Purpose: : Our aim is to differentiate photoreceptor cells from embryonic stem (ES) cells. We have differentiated mouse ES cells into neural progenitor cells (NPCs) using an in vitro selection method. Following this step we have further differentiated the ES cell-derived NPCs into photoreceptors by over-expressing the transcription factor, Cone-rod homeobox (Crx) using a lentiviral vector.

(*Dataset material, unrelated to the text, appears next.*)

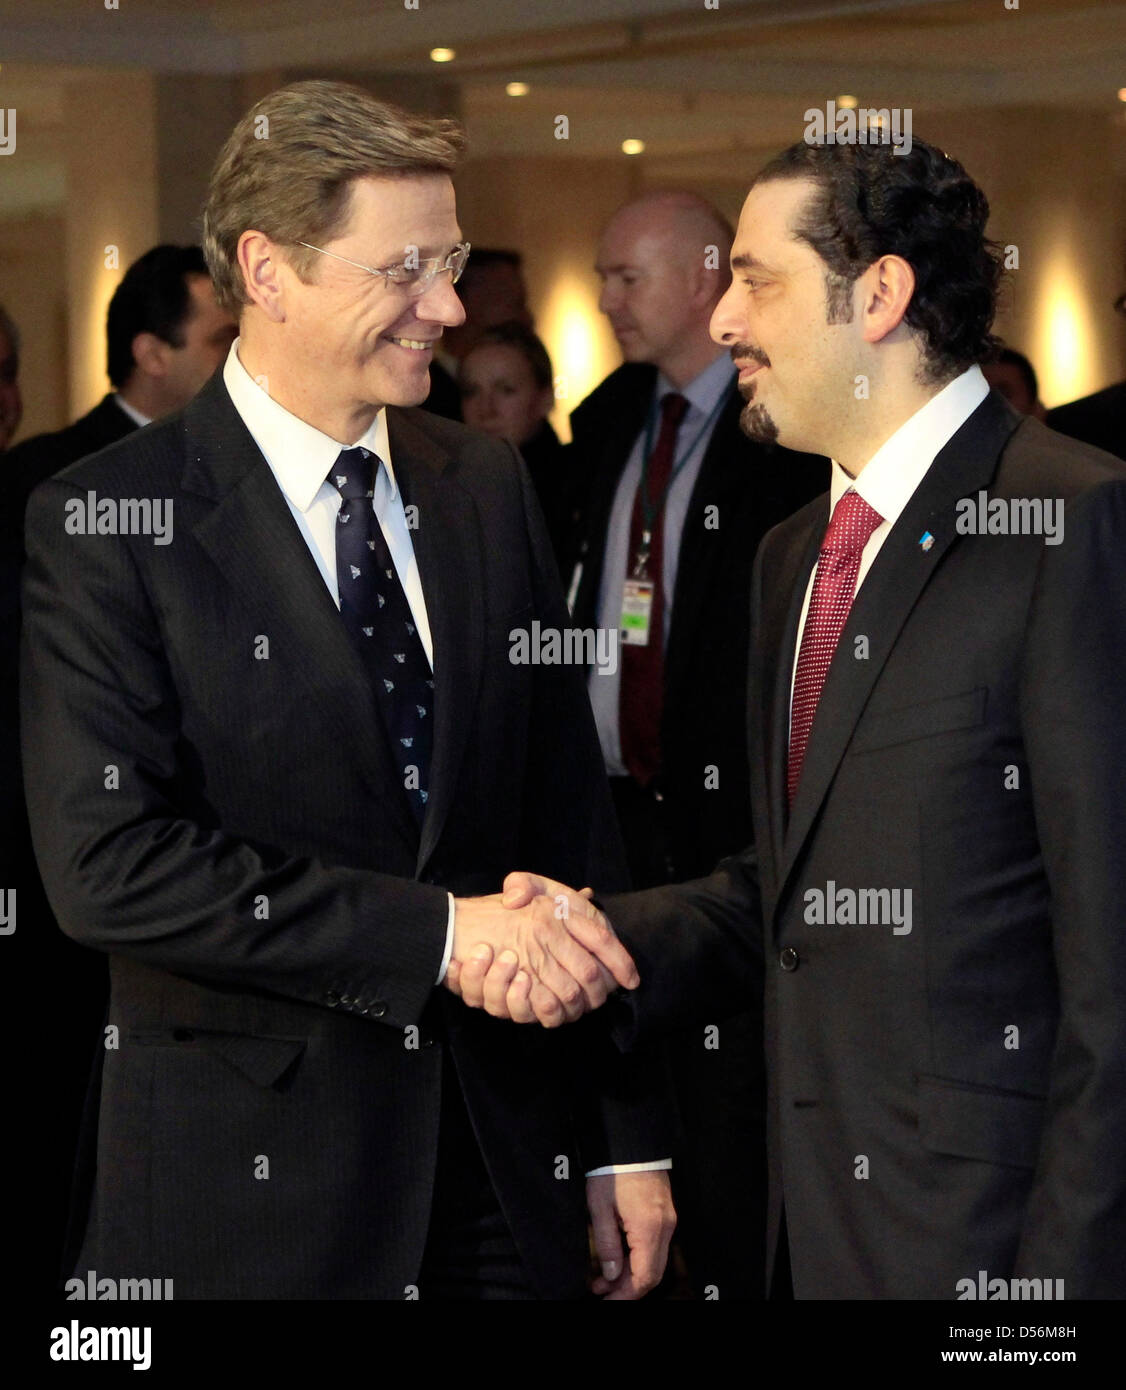 Lebanon's Prime Minister Saad al-Hariri (R) welcomes German Foreign Minister Guido Westerwelle for bilateral talks at Berlin's Adlon hotel, Germany, 15 March 2010. Photo: FABRIZIO BENSCH/REUTERS POOL Stock Photo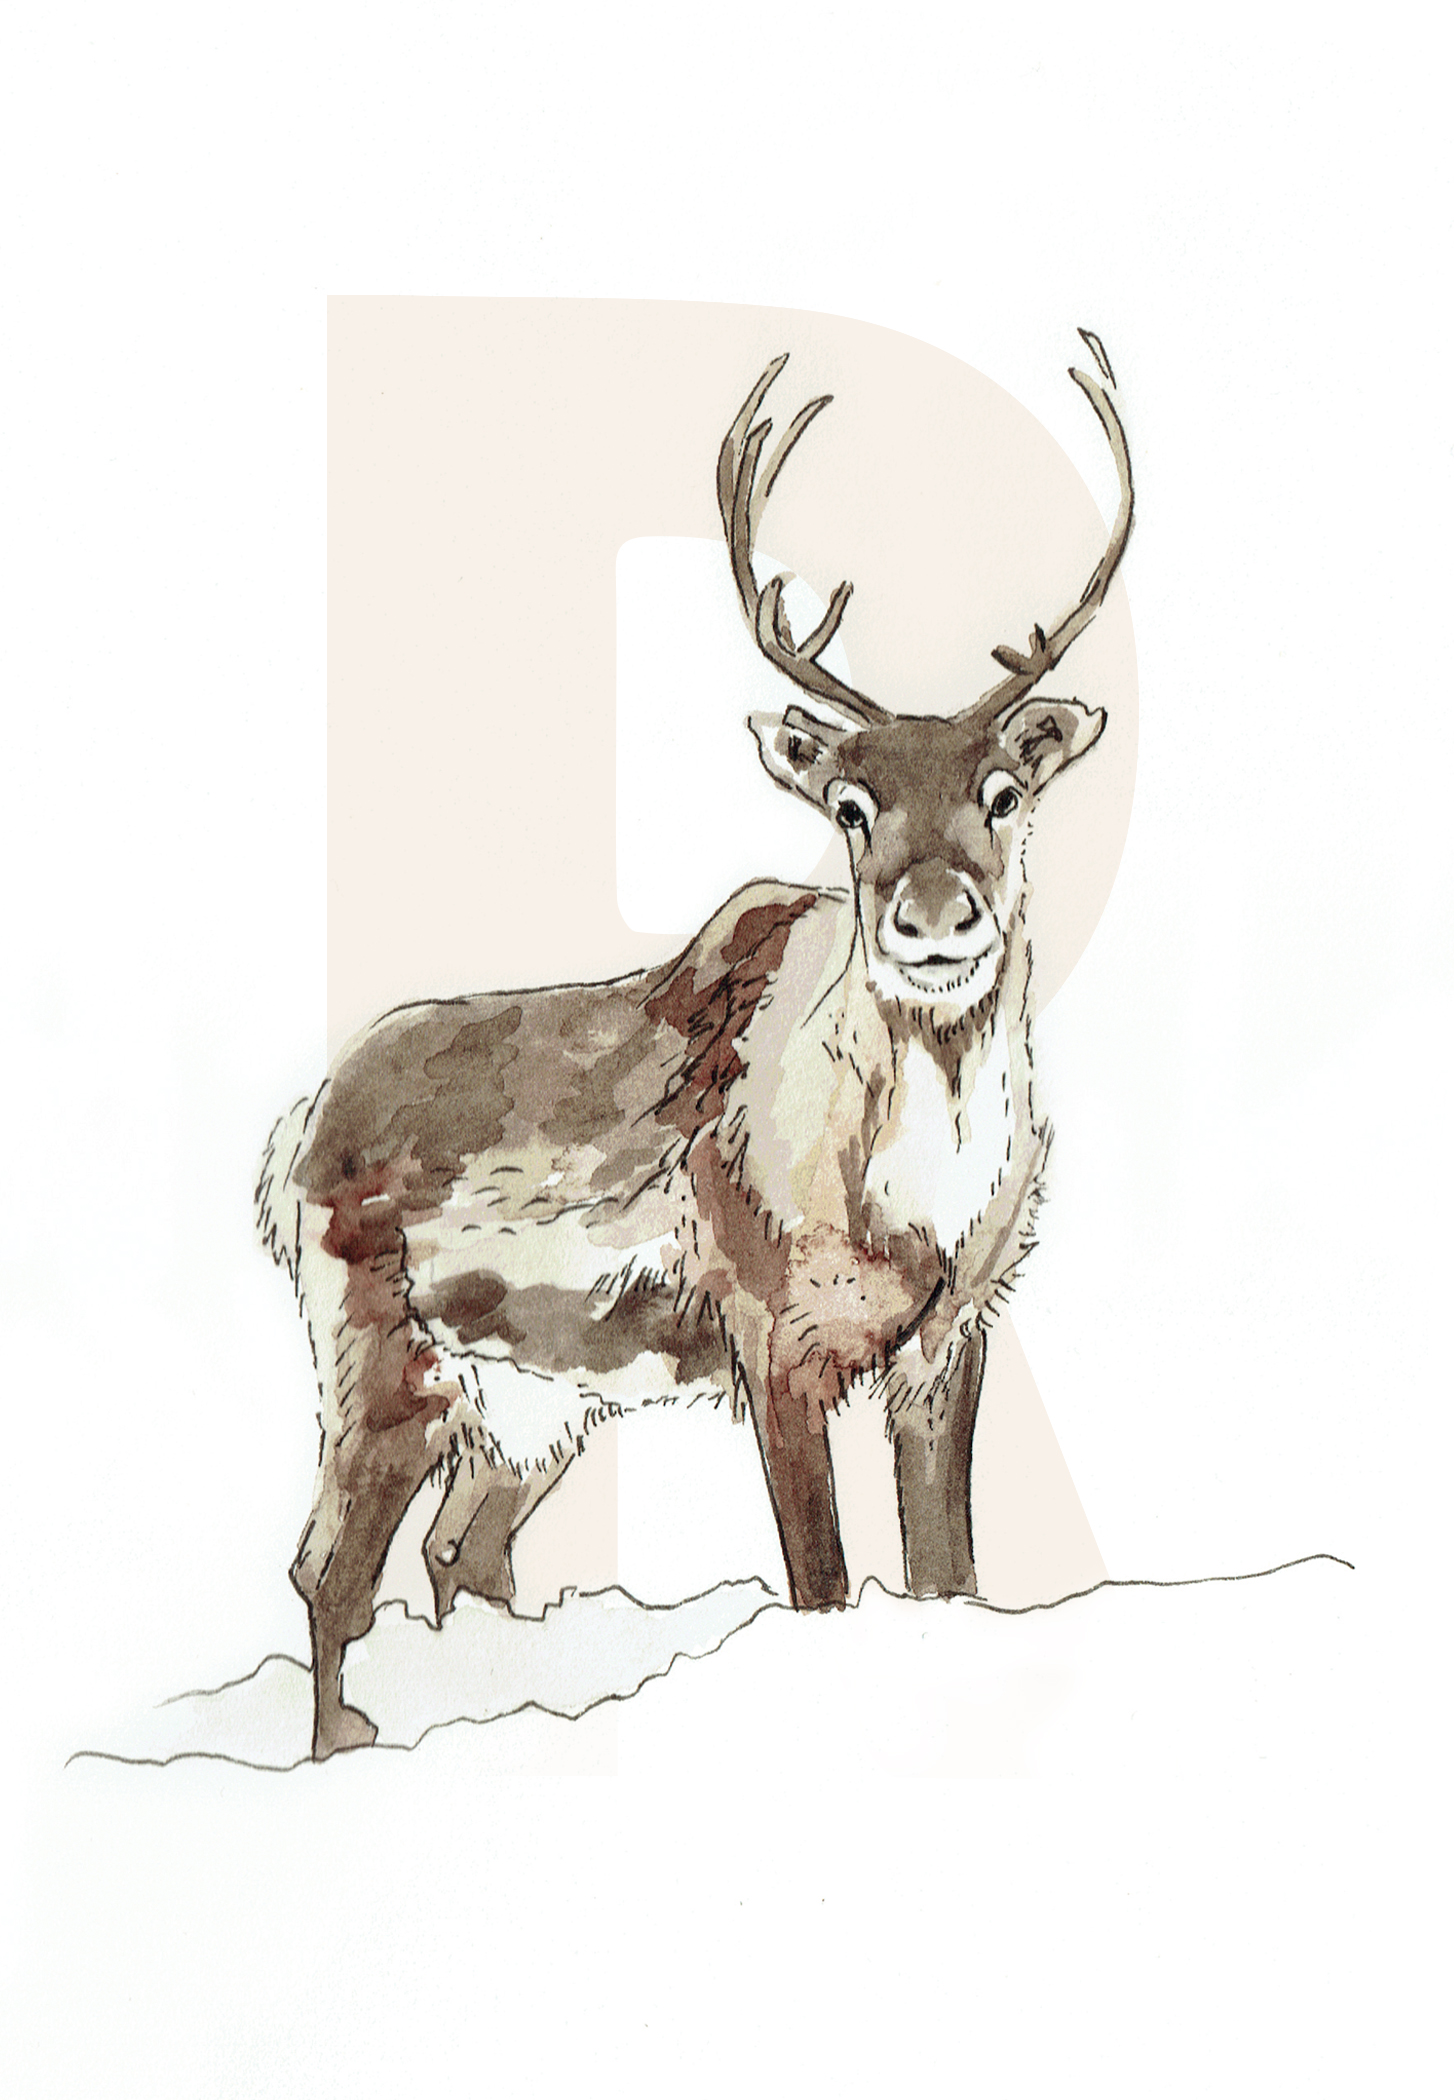 R is for Reindeer

Methods: : Mouse ES cells were cultured as embryoid bodies for four days followed by an eight day Nestin selection protocol. The Nestin-positive ES-derived NPCs were then cultured for a further 6-10 days in the presence of FGF-2 to expand the population of cells. The full-length mouse Crx gene was cloned into a lentivirus containing an internal ribosomal entry site and green fluorescent protein as a reporter gene. The ES-derived NPCs were transduced with the Crx-containing lentivirus to further differentiate the cells into photoreceptors.

Results: : Mouse ES cells were successfully differentiated into a population of neural progenitor cells using selection media. These cells were characterised by RT-PCR and immunocytochemistry and were shown to express neural progenitor markers including Nestin, Sox2, and Pax6. The ES-NPCs were then further differentiated into putative photoreceptor cells by over-expressing the transrciption factor, Crx.

Conclusions: : We have developed a reliable method to produce neural progenitor cells from mouse ES cells. These cells are expandable in the presence of FGF-2 and can be further manipulated into a neural retinal fate. This study provides us with a population of cells that can be used as a cell replacement therapy in a model of retina degeneration.